Secretary of State John Kerry defended the capture of alleged al Qaeda militant, Abu Anas al-Libi, in Libya in a raid by U.S. forces on Saturday, after Libya demanded an explanation from Washington for the “kidnap” of a Libyan citizen in an unauthorized assault inside its sovereign territory.
Nazih Abdul-Hamed al-Ruqai, 49, better known by his alias Abu Anas al-Libi, was indicted in a U.S. federal court in New York in 2000, over the 1998 bombings of U.S. embassies in Tanzania and Kenya that killed more than 220 people. The FBI, which included him in its list of wanted terrorists published soon after the terror attacks in the U.S. on Sept.11, 2001, had offered a $5 million reward for his capture.
“With respect to Abu Anas al-Libi, he is a key al Qaeda figure, and he is a legal and an appropriate target for the U.S. military,” Kerry told reporters on Monday on the sidelines of an Asia-Pacific Economic Cooperation summit in Indonesia, according to Agence France-Presse.
He said al-Libi had been “appropriately indicted by courts of law, by the legal process,” for committing “acts of terror,” adding: “The United States of America is going to do everything in its power that is legal and appropriate in order to enforce the law and protect our security.”

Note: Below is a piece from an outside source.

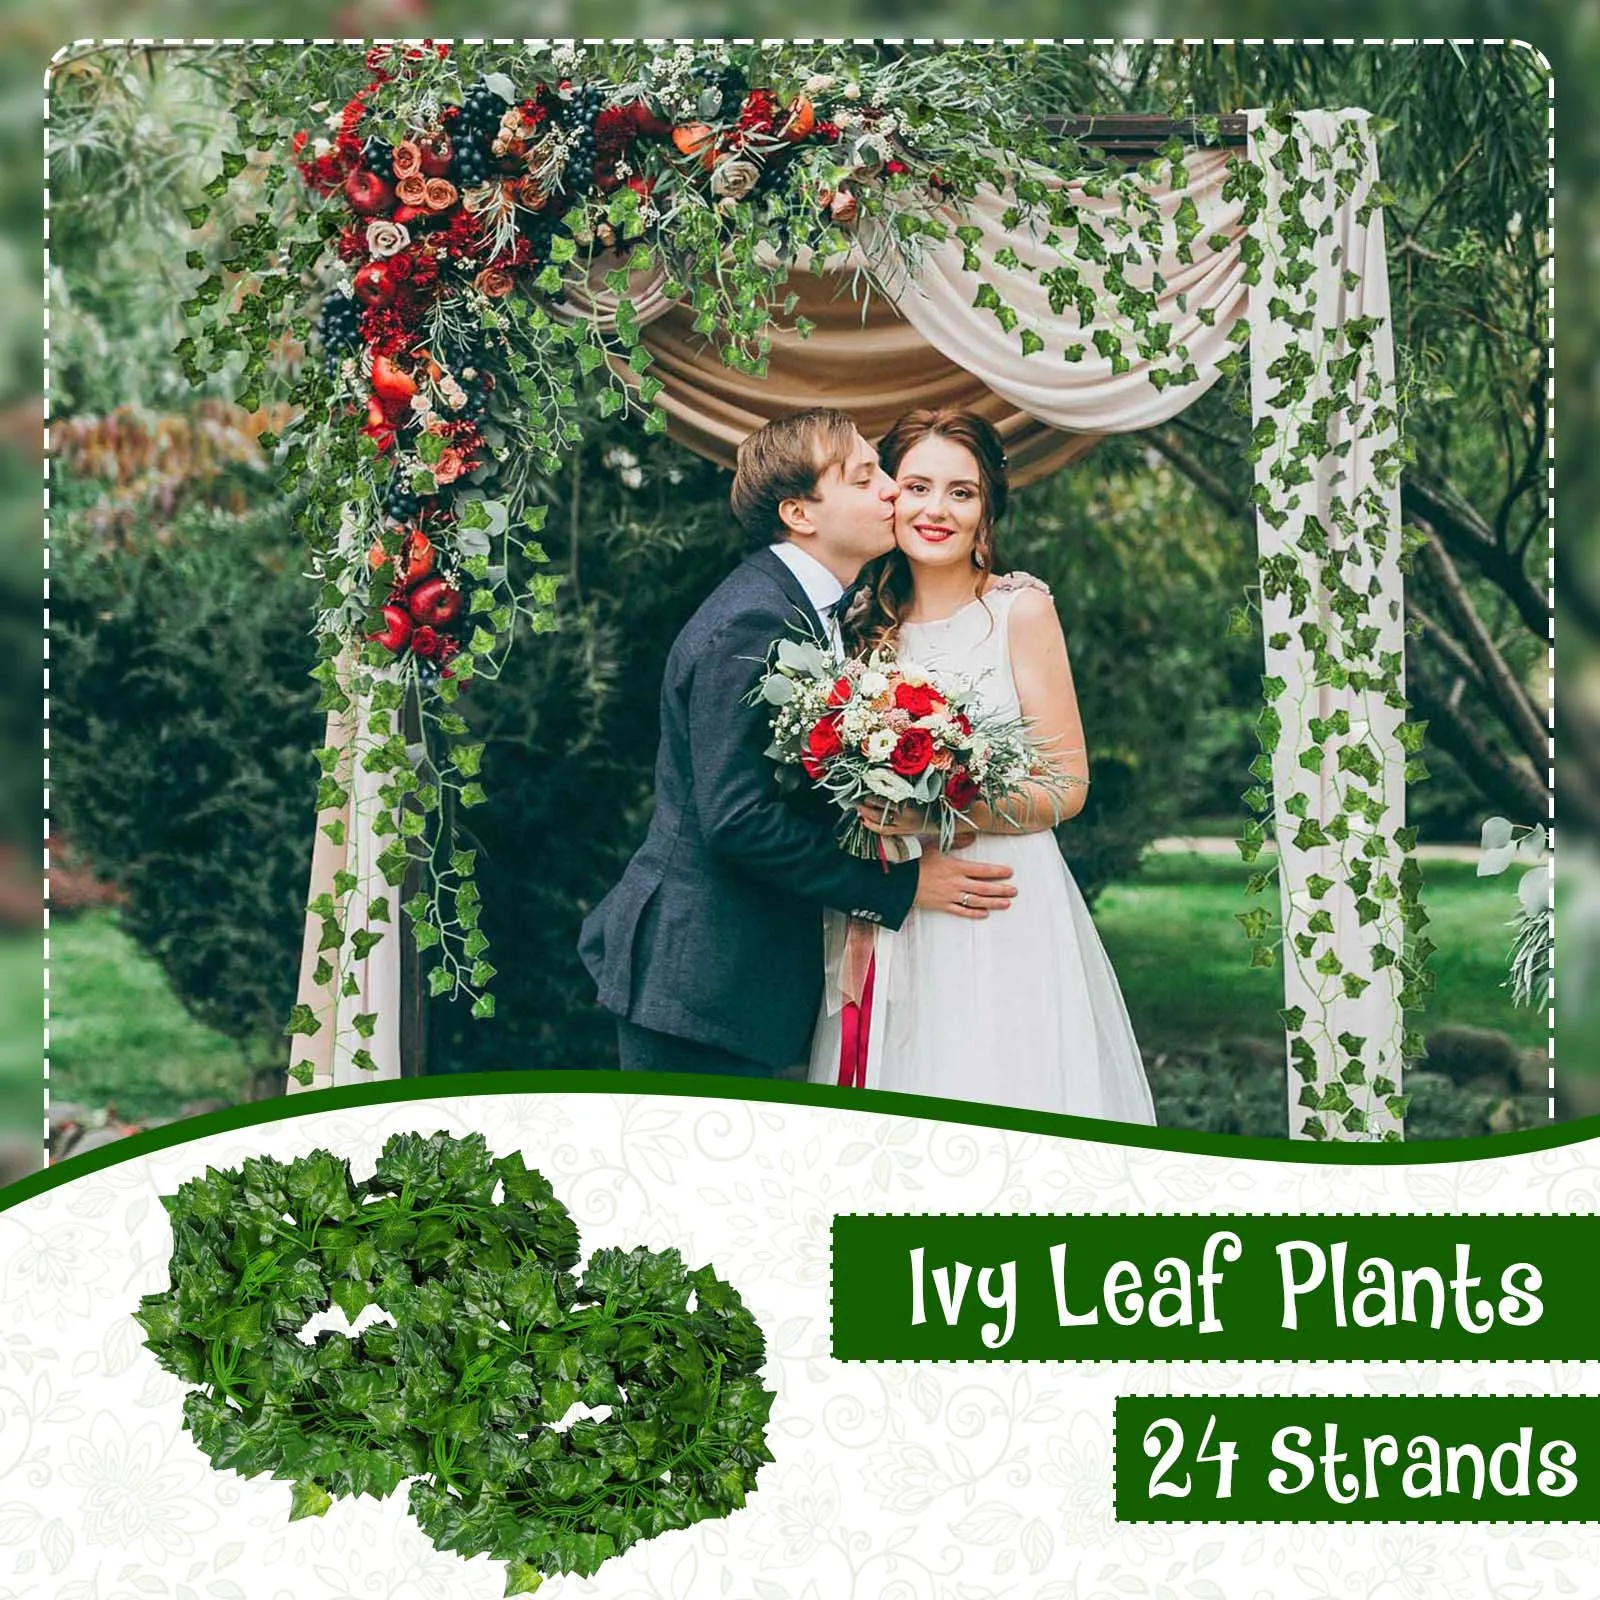 

24 Strands 86 FT Artificial Lvy Leaf Vine Garland Fake Foliage Hanging Plants Plant Silk Leaf Vines For Wedding Birthday Party

However, when asked whether the government in Tripoli had been informed about the U.S. raid, Kerry said: “We don't get into the specifics of our communications with a foreign government on any kind of operation of this kind.”

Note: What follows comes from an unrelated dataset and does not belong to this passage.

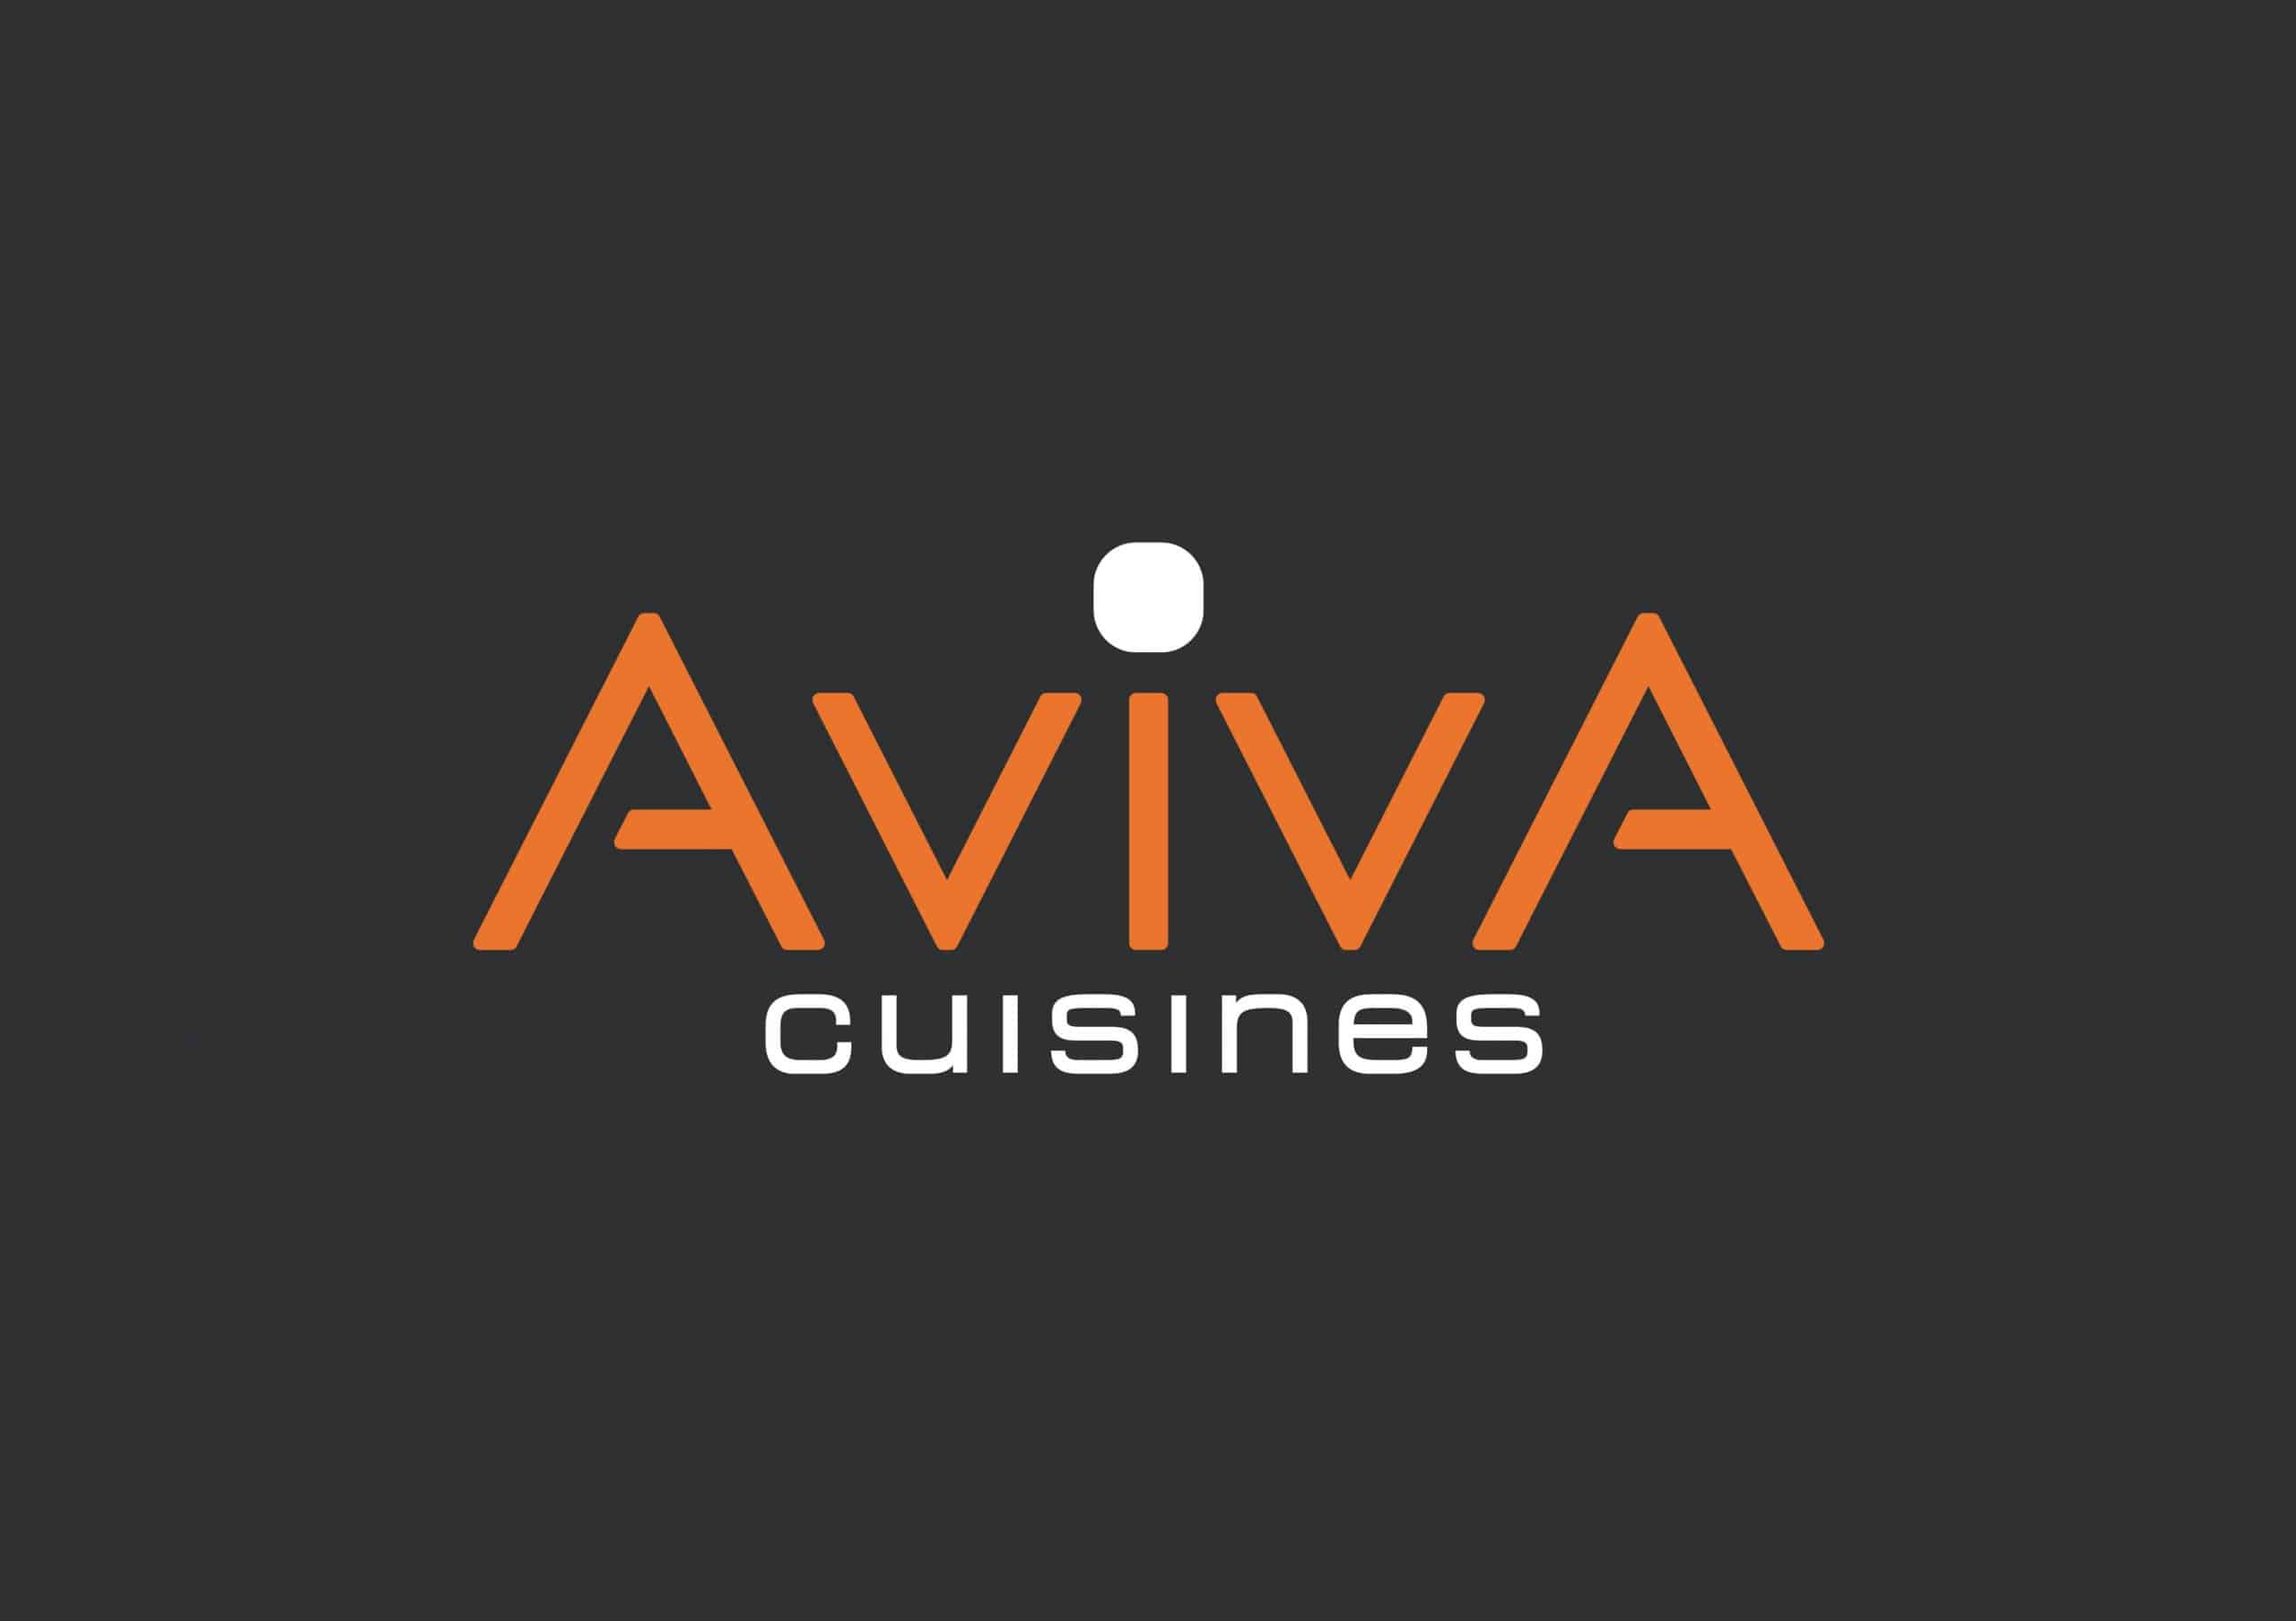 Cuisines Aviva : professionnalisme et qualité

Al-Libi was captured in a quick assault orchestrated by a U.S. Delta Force unit on the streets of Tripoli, a few hours after U.S. Navy SEALs staged an overnight assault on a key base of Somali militant group al-Shabab, in the coastal town of Barawe, about 210 kilometers (130 miles) south of Somali capital Mogadishu.
The Navy SEAL team, however, failed to nab its target, a key figure in al Qaeda-linked al-Shabab who was responsible for the deadly attack on the Westgate shopping mall in the Kenyan capital, Nairobi, on Sept. 21.
Al-Libi’s son, Abdullah al-Raghie, said, citing surveillance camera footage, that Libyans were among the masked gunmen who captured his father, AFP reported.